По иудейскому вопросу, сравнивая его с польским, Мезенцов писал следующее: «Вопрос еврейский был освещен несколько шире и в общем результат дал указание на крайнюю враждебность Галицийской еврейской интеллигенции ко всему русскому, но проявлений этой враждебности, по крайней мере в первый период, совершенно не было вследствие того, что эта часть населения, можно сказать, полностью оставила пределы Галиции»

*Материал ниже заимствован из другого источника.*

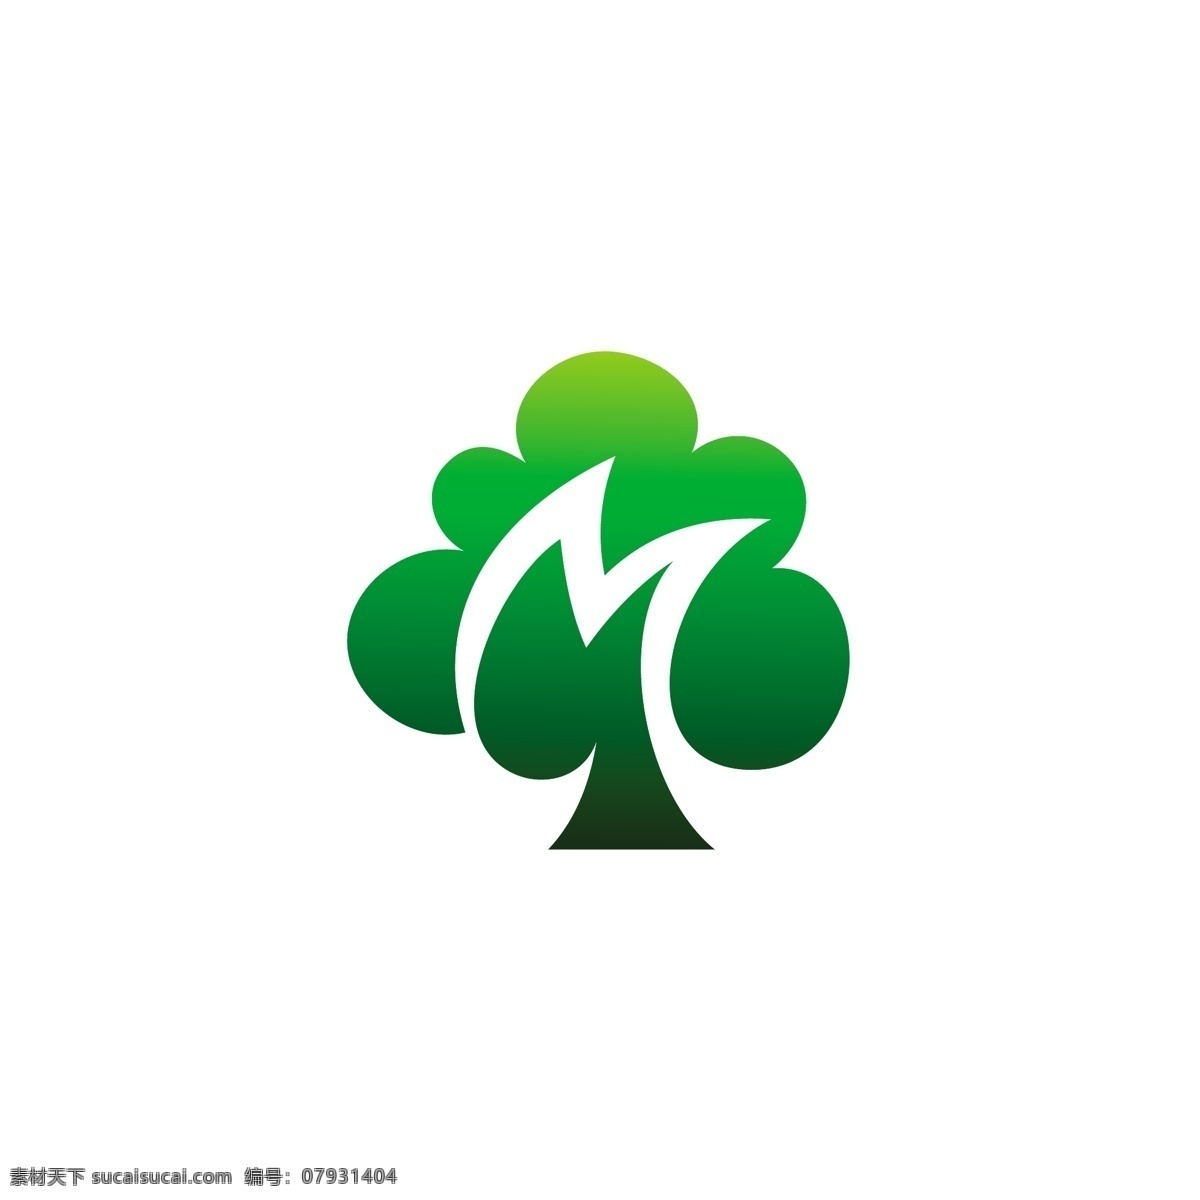 绿色 能源 农业 类 logo 科技 标志 创意 广告 化妆品 互联网 科技logo 领域 多用途 标识 公司 简约 企业标识 企业logo 珠宝 工业 服装

[653]. Однако политика Г. А. Бобринского по отношению к евреям основывалась на терпимости. Конфискации еврейского имущества были большой редкостью. В отличие от жандармских и военных властей, генерал-губернатор не видел в евреях опасности и старался обращаться с ними на равных основаниях с прочими группами населения Галиции, «дабы не поселить в них убеждения в нашей национальной враждебности к евреям вообще»
[654].
Благодаря политике национальной терпимости, проводимой Бобринским, многие польские и украинские националисты, а также прогерманские еврейские предприниматели не только сохраняли видные посты в управлении, экономической и общественной жизни Галиции, но и открыто вели антироссийскую агитацию. Начальник ВЖУ Мезенцов не мог повлиять на Бобринского и был вынужден написать 8 мая 1915 г. докладную записку в Ставку. После этого поступило категорическое требование начальника штаба Янушкевича немедленно арестовать всех названных в записке Мезенцова антироссийских деятелей вне зависимости от национальности и выслать в Брест-Литовскую или Киевскую крепость
[655].
В целом деятельность жандармского управления заключалась в политическом и военном розыске, ликвидации противоправительственных организаций, арестов, охране высокопоставленных особ, включая императора Николая II во время его визита в Галицию, поиске беглых австрийских и германских военнопленных, взаимодействии с военной контрразведкой по борьбе со шпионажем. Также штаб военного генерал-губернаторства Галиции возложил на чинов управления обязанность ведения военной цензуры, перлюстрации корреспонденции
[656]. Начиная с 18 апреля 1915 г. служащие ВЖУ вели работу по разведке передвижений австро-венгерской армии. Объем работ был столь велик, что управление было вынуждено перейти на ускоренный режим ведения дознания: 23 апреля 1915 г. Мезенцов распорядился «расследование возникающих дел и переписку по ним проводить быстрее, заканчивая последние в месячный срок. По каждому делу, задержанному и перешедшему почему-либо на следующий месяц, давать подробные объяснения лично мне»
[657].
Товарищ министра внутренних дел Джунковский был весьма доволен работой ВЖУ Галиции. В воспоминаниях он приводит один из многостраничных докладов главы управления о проделанной работе. Не углубляясь в украинскую тематику, подробно освещенную в докладе, отметим основные вехи работы управления на так называемом мазепинском направлении (по терминологии жандармов). Мезенцов концентрируется на отдельных организациях, особое внимание уделяя Украинской социал-демократической партии, Украинской радикальной партии, Украинской национал-демократической партии, Союзу освобождения Украины, роли Грушевского в формировании украинского националистического движения, причем не только в Галиции, но и в Малороссии, а также «сечевым» и польским «сокольским» военно-политическим националистическим организациям
[658].
Нам неизвестно точное количество дел, заведенных за время существования ВЖУ Галиции, однако при их эвакуации летом 1915 г. общий вес секретной документации управления за неполных полгода составил 200 пудов, то есть 3276 кг
[659] – очевидно, что объем работ был проведен значительный.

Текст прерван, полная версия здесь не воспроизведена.